------ PROVIDED MATERIAL ------
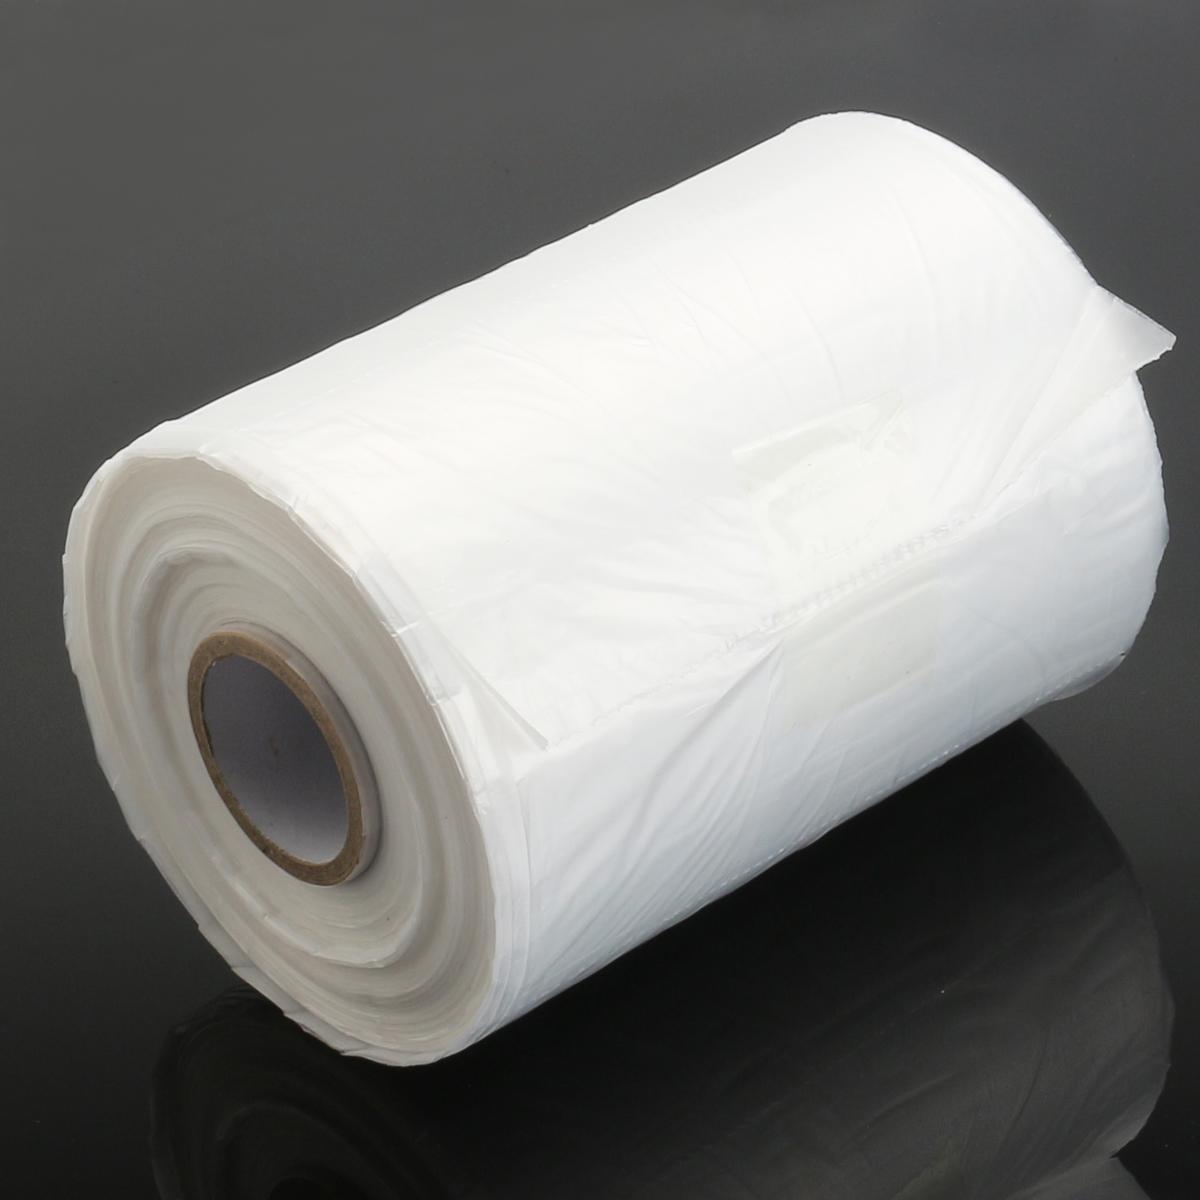 2800Pcs Mini Air Easi Air Cushion Air Pillow Packaging Bag for Wrap Machine 20x10cm
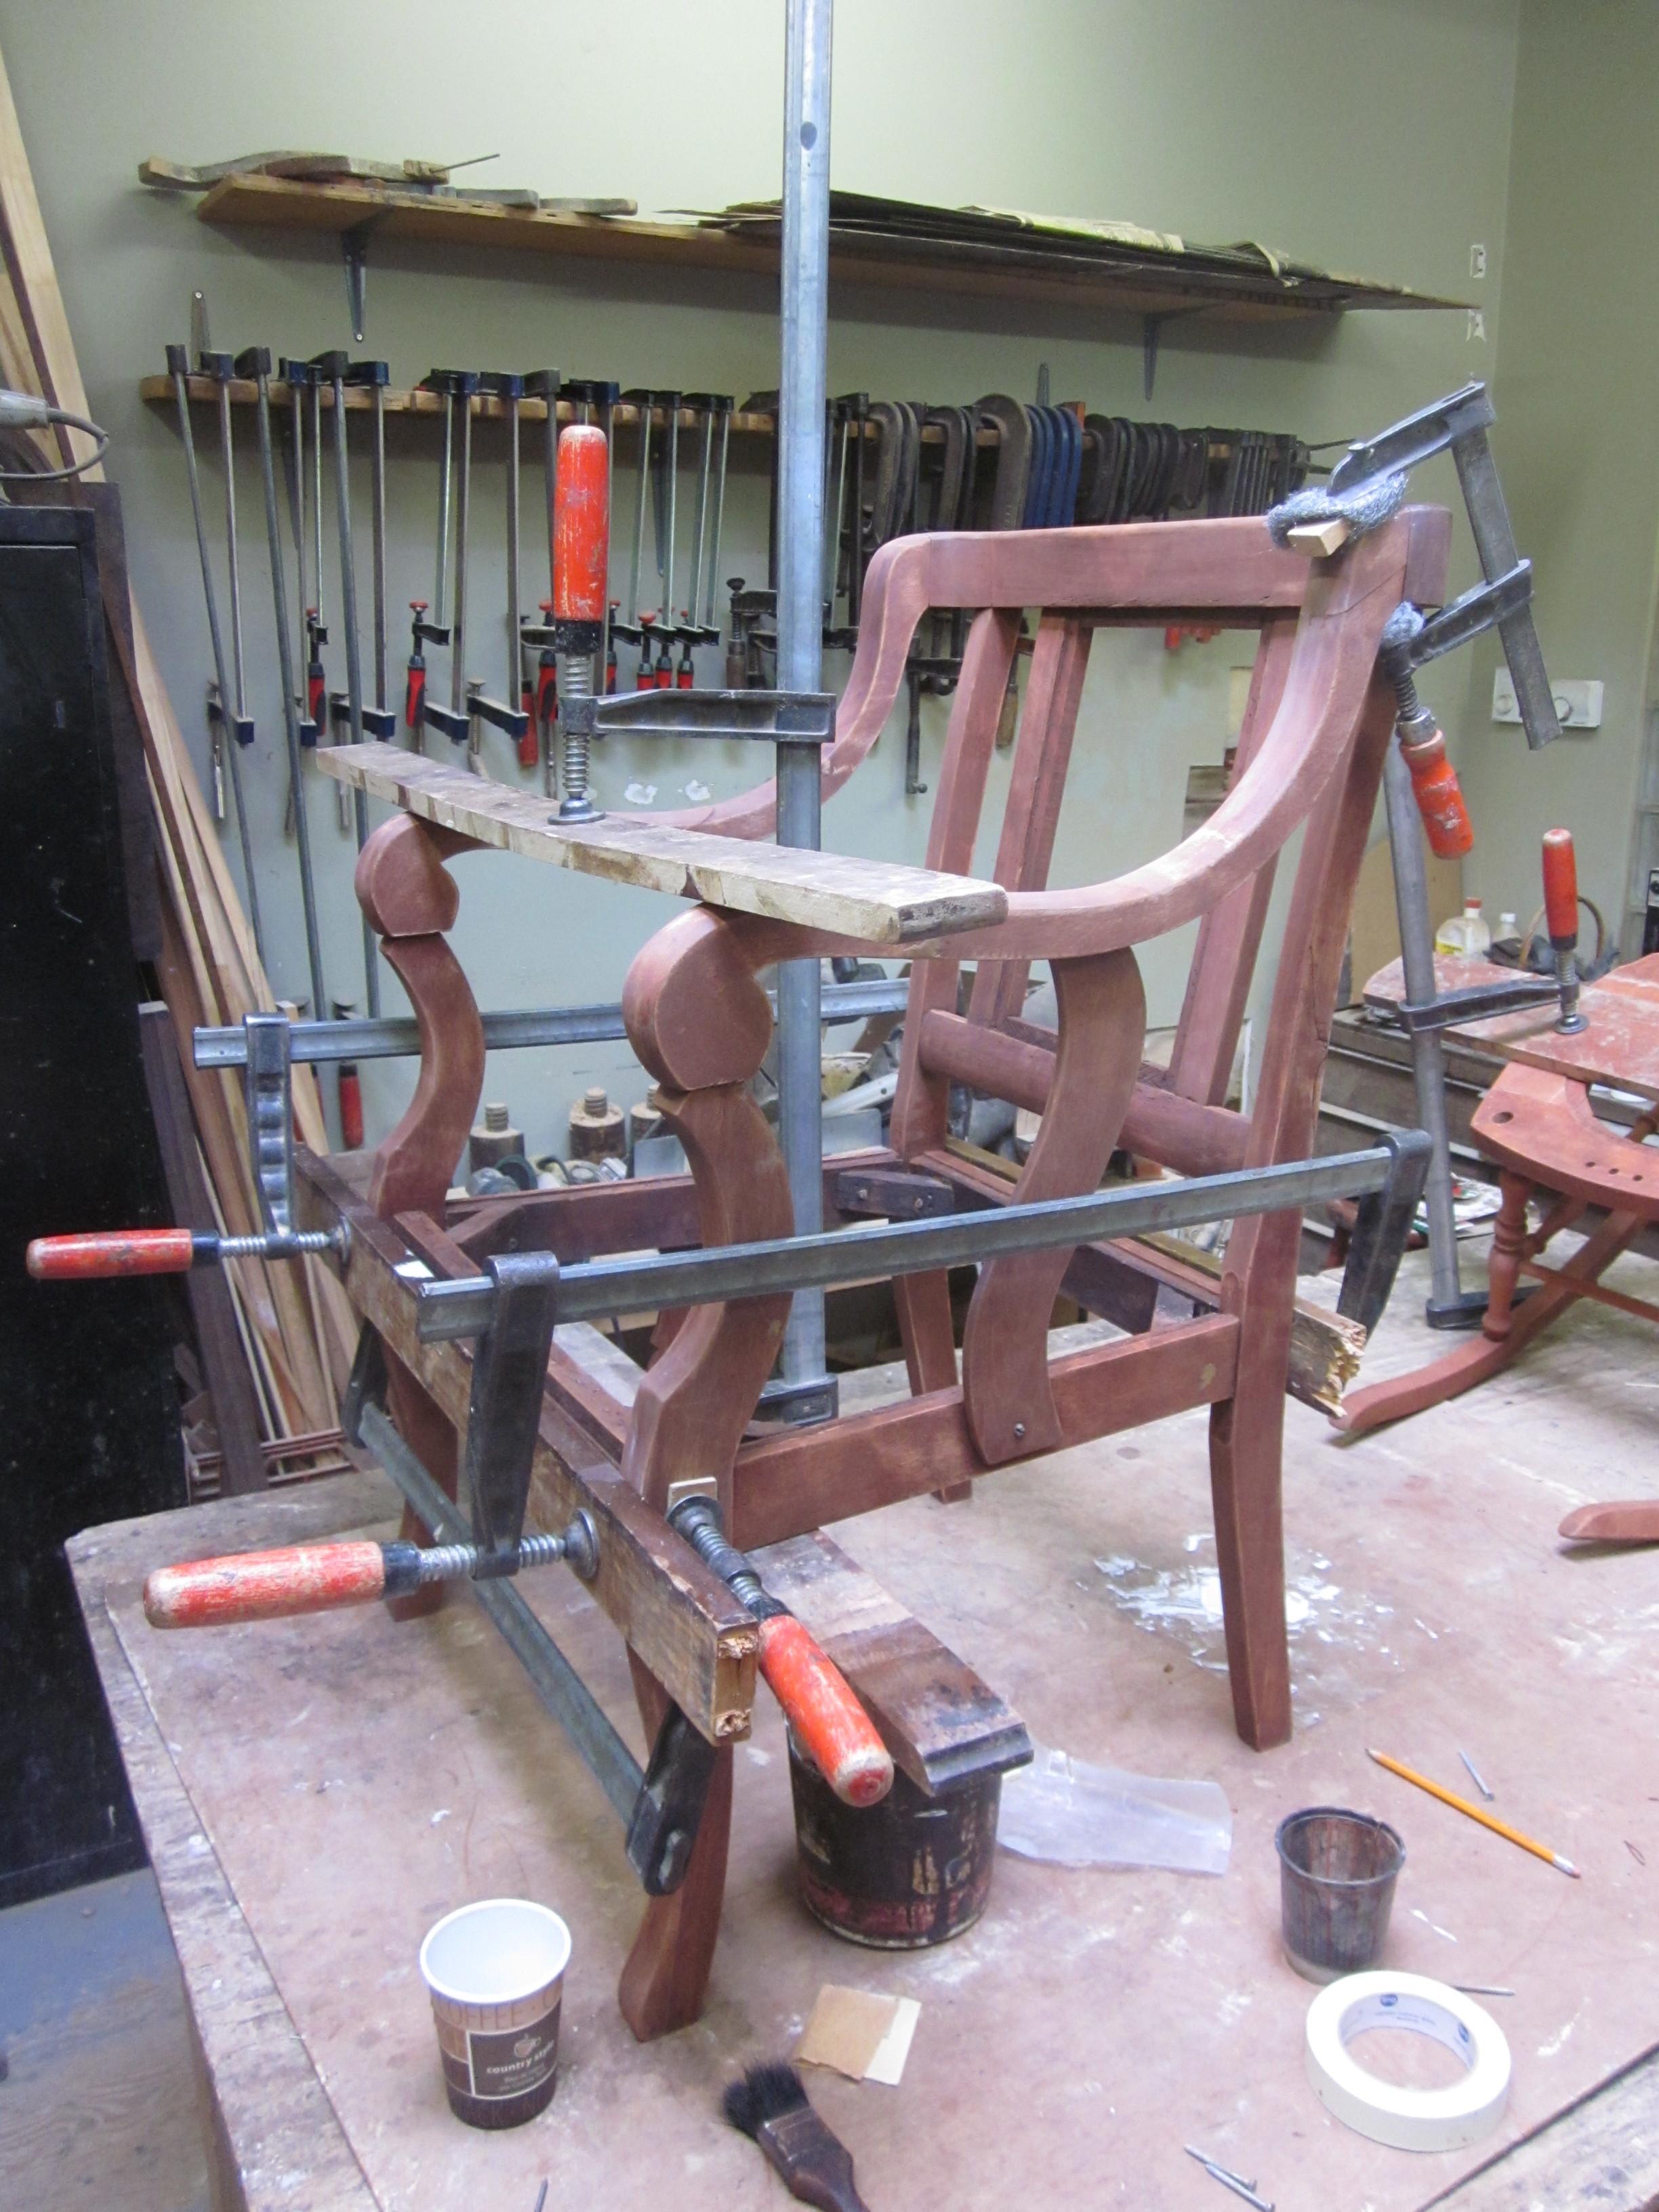 chair repair(re-glue)
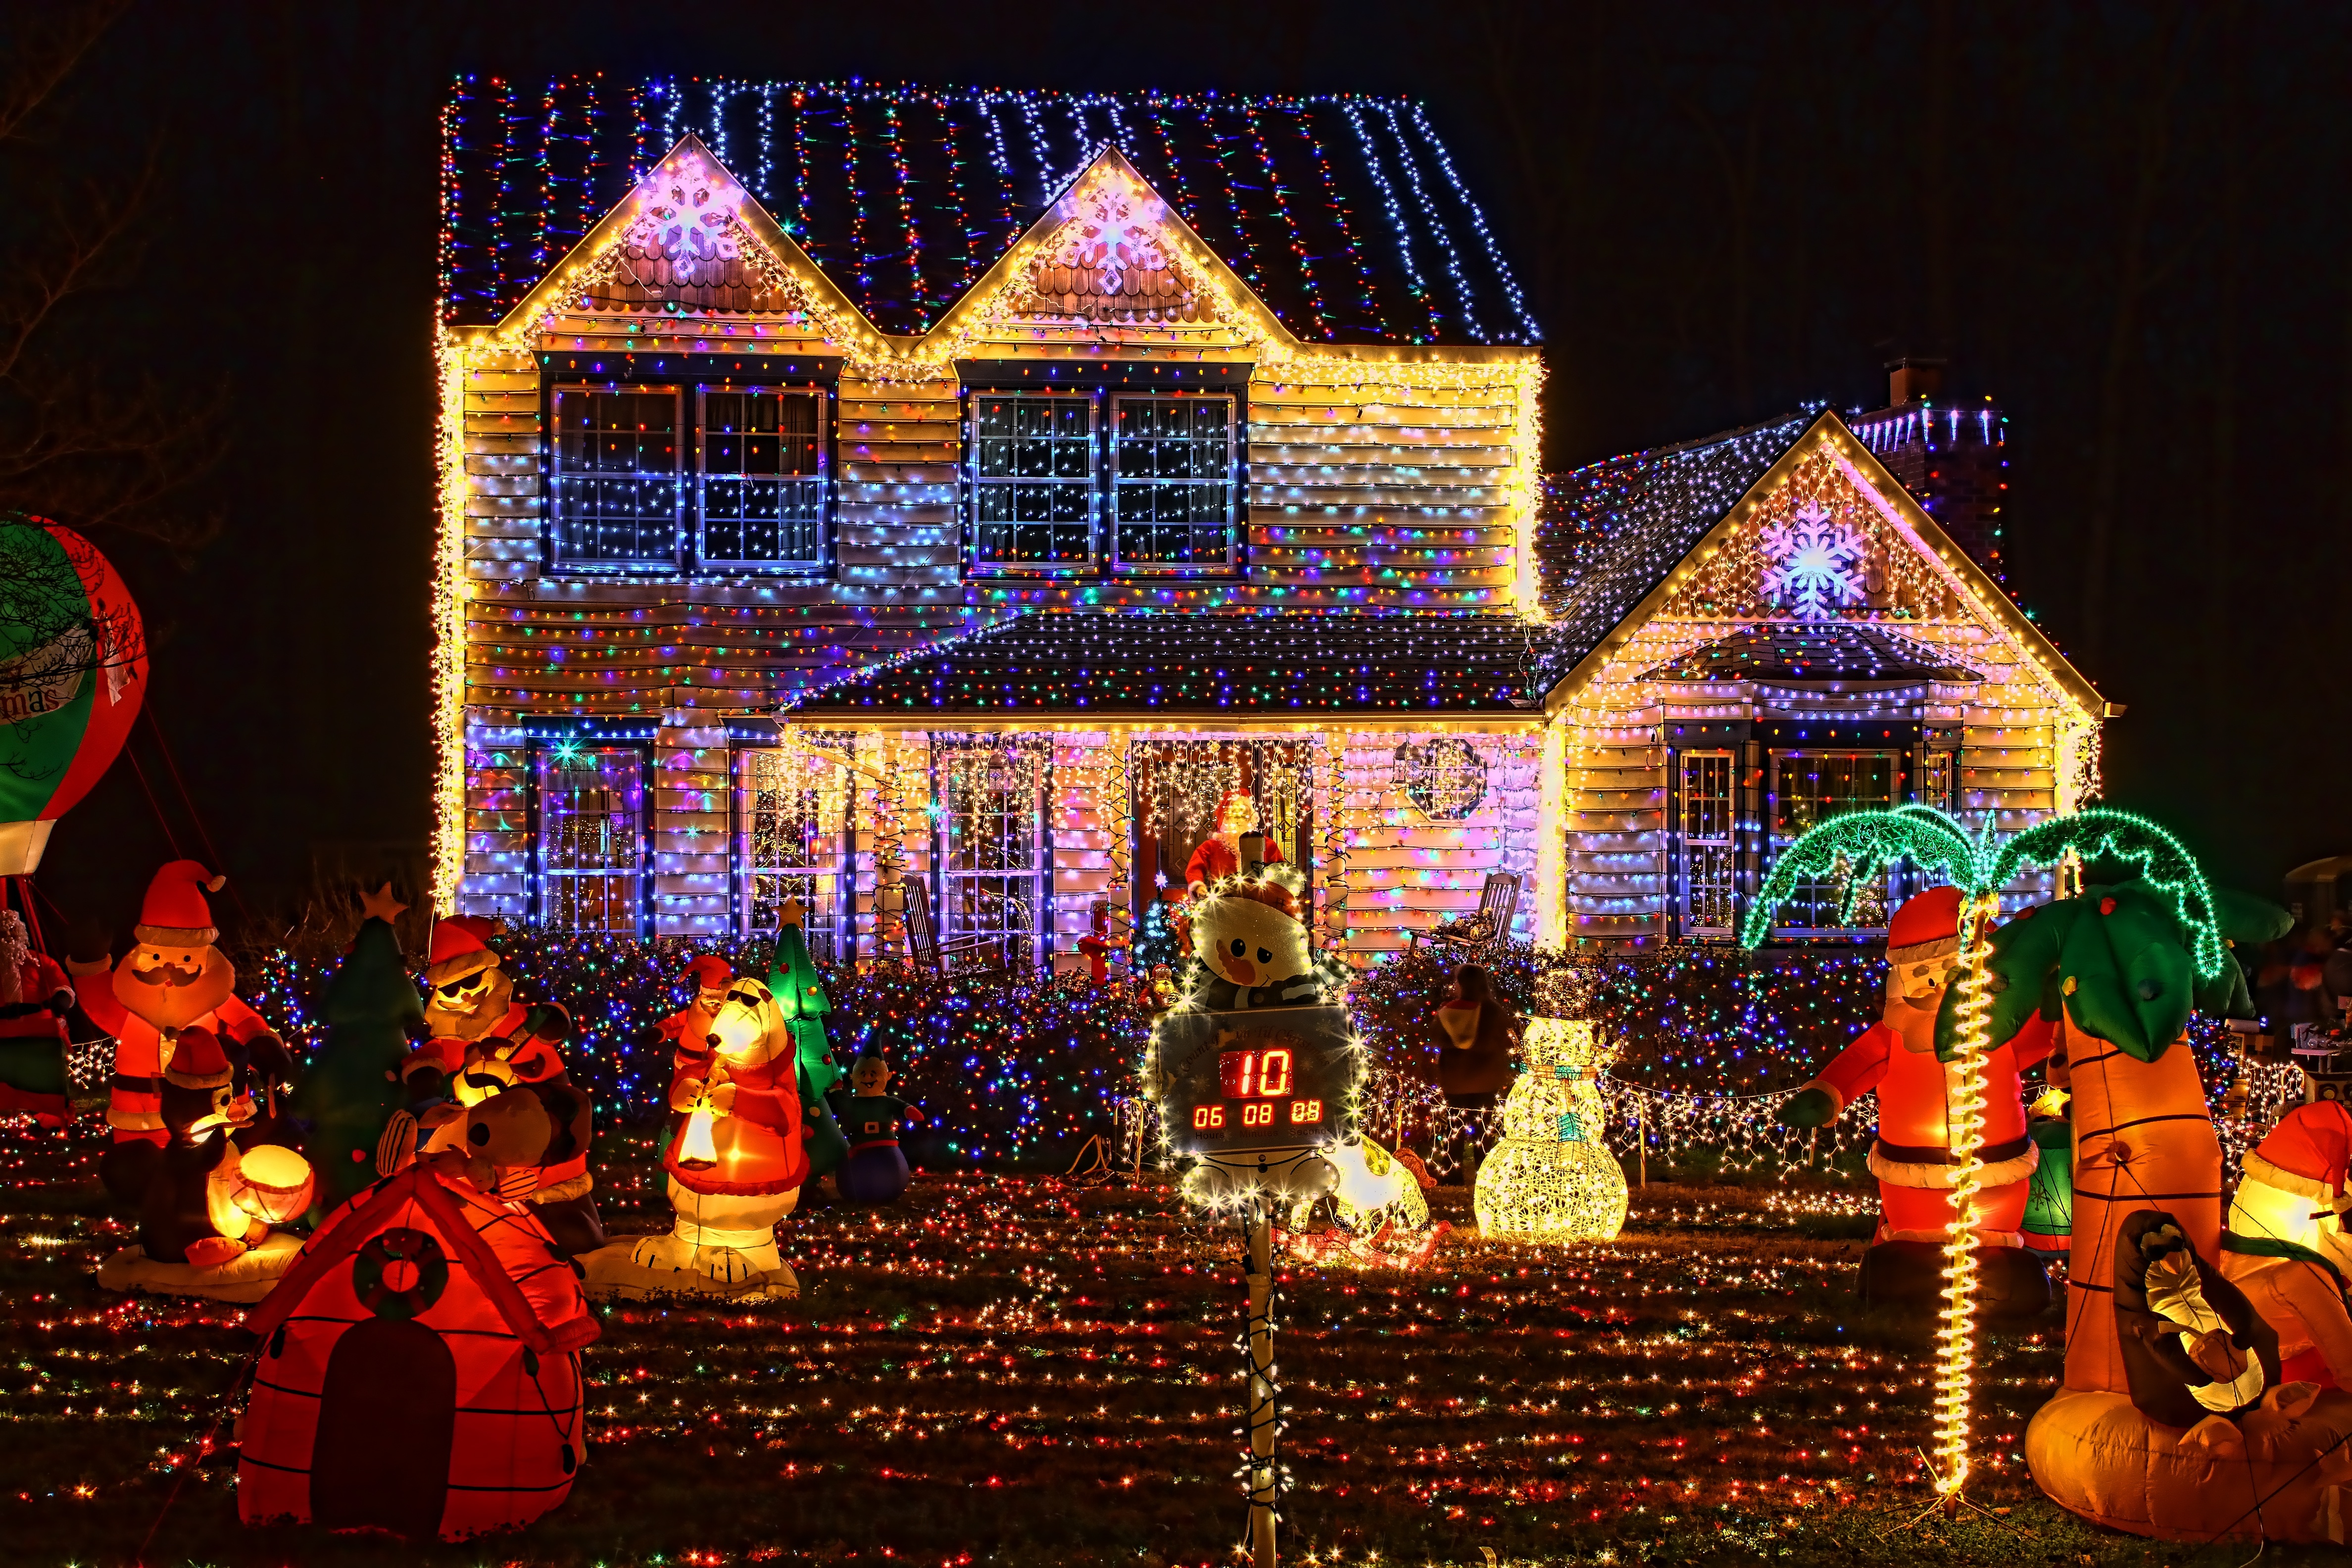 Addobbi Natalizi Luci.Addobbi Di Natale In Condominio
------
WHAT YOU NEED TO DO
Apart from the pictures, all of the data should be repeated exactly.

RESULT FOR THIS TASK
 2800Pcs Mini Air Easi Air Cushion Air Pillow Packaging Bag for Wrap Machine 20x10cm
 chair repair(re-glue)
 Addobbi Natalizi Luci.Addobbi Di Natale In Condominio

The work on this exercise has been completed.